Long-acting injectable (LAI) antipsychotics are highly effective tools for managing serious mental illness, yet their clinical utility is often compromised by logistical and pharmacological complexities. This review serves as a practical guide to optimizing LAI therapy by addressing common clinical hurdles. Maintaining a consistent injection schedule is essential to successful treatment. To improve adherence, clinicians should implement proactive reminder systems—such as phone calls or text messages—and involve family or caregivers in the care plan. When injections are delayed, management strategies must be tailored to the specific medication and the length of the “dosing window”. For example, aripiprazole monohydrate (Abilify Maintena) allows a ±7 day window, whereas paliperidone palmitate (Invega Sustenna) provides a +14 day window. If these windows are exceeded, catch-up protocols may involve administering the next dose as soon as possible, utilizing supplemental oral antipsychotics for a bridge period (e.g., 14 days for aripiprazole or 21 days for risperidone), or restarting initiation loading regimens entirely. Clinically significant drug interactions, such as the reduction of aripiprazole or risperidone levels by carbamazepine, can lead to symptom breakthrough. Conversely, CYP450 inhibitors like fluvoxamine or fluoxetine may increase antipsychotic concentrations, necessitating dose reductions. Adverse effects, including drug-induced Parkinsonism and akathisia, should be managed by reducing the LAI dose or switching to agents with lower risk profiles, such as aripiprazole-based products. For akathisia, short-term adjunctive treatments like vitamin B6 or mirtazapine may be utilized until dose adjustments reach steady state. Patient-centered care requires a collaborative approach to substance use, which can exacerbate symptoms or interfere with LAI effectiveness. Clinicians must also engage in nonjudgmental discussions when patients request a return to oral therapy, carefully considering the pharmacokinetic properties of the LAI to time the transition safely. Ultimately, a proactive management plan that addresses these clinical variables is essential for reducing relapse risk and improving long-term quality of life.
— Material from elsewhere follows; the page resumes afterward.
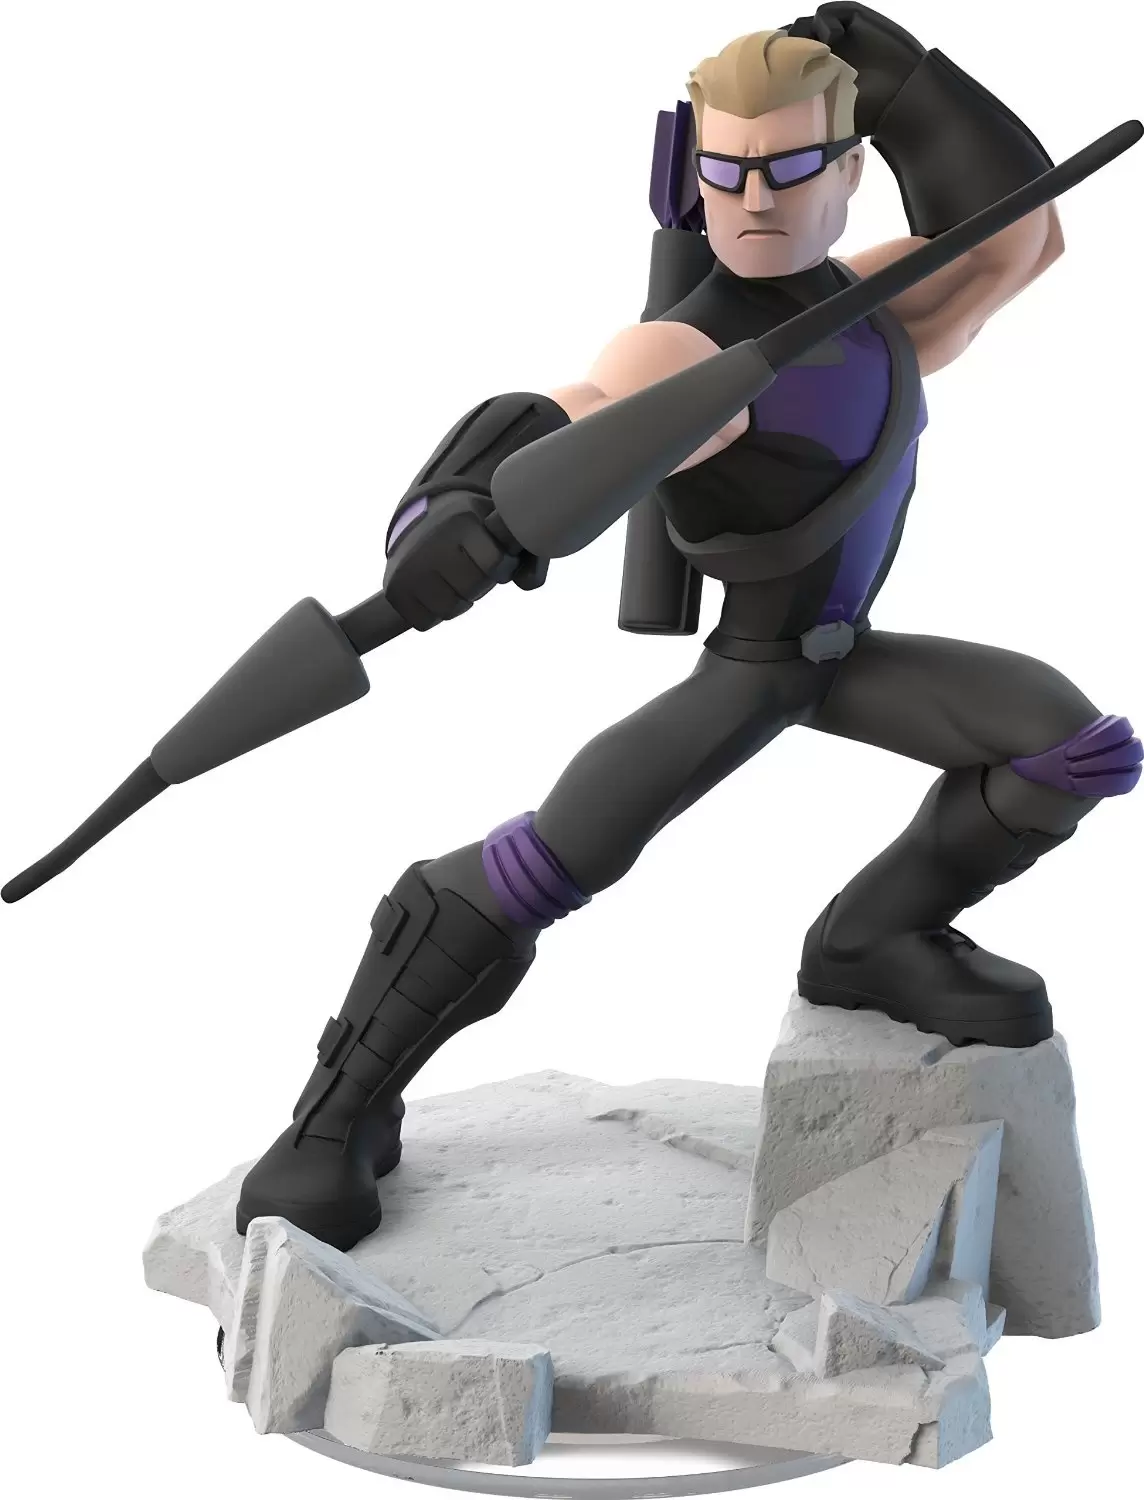 Disney Infinity Action figures - Hawkeye

Long-acting injectable antipsychotics (LAIs) can lead to improved outcomes for people with schizophrenia, schizoaffective disorder, and bipolar disorder, as they guarantee medication delivery during the injection interval. Contemporary guidance on the use of LAIs includes considering not only patients with poor or uncertain adherence but also patients who would prefer monthly administration (or longer) of their maintenance medication, including those in their first episode of illness. This narrative review discusses the incorporation of LAIs in treatment planning across different settings: acute inpatient units, community mental health outpatient clinics, and jails. Implementing this treatment modality requires the recognition of eligible patients, providing information to patients and their families about the benefits and drawbacks of LAIs, and educating all members of the treatment team.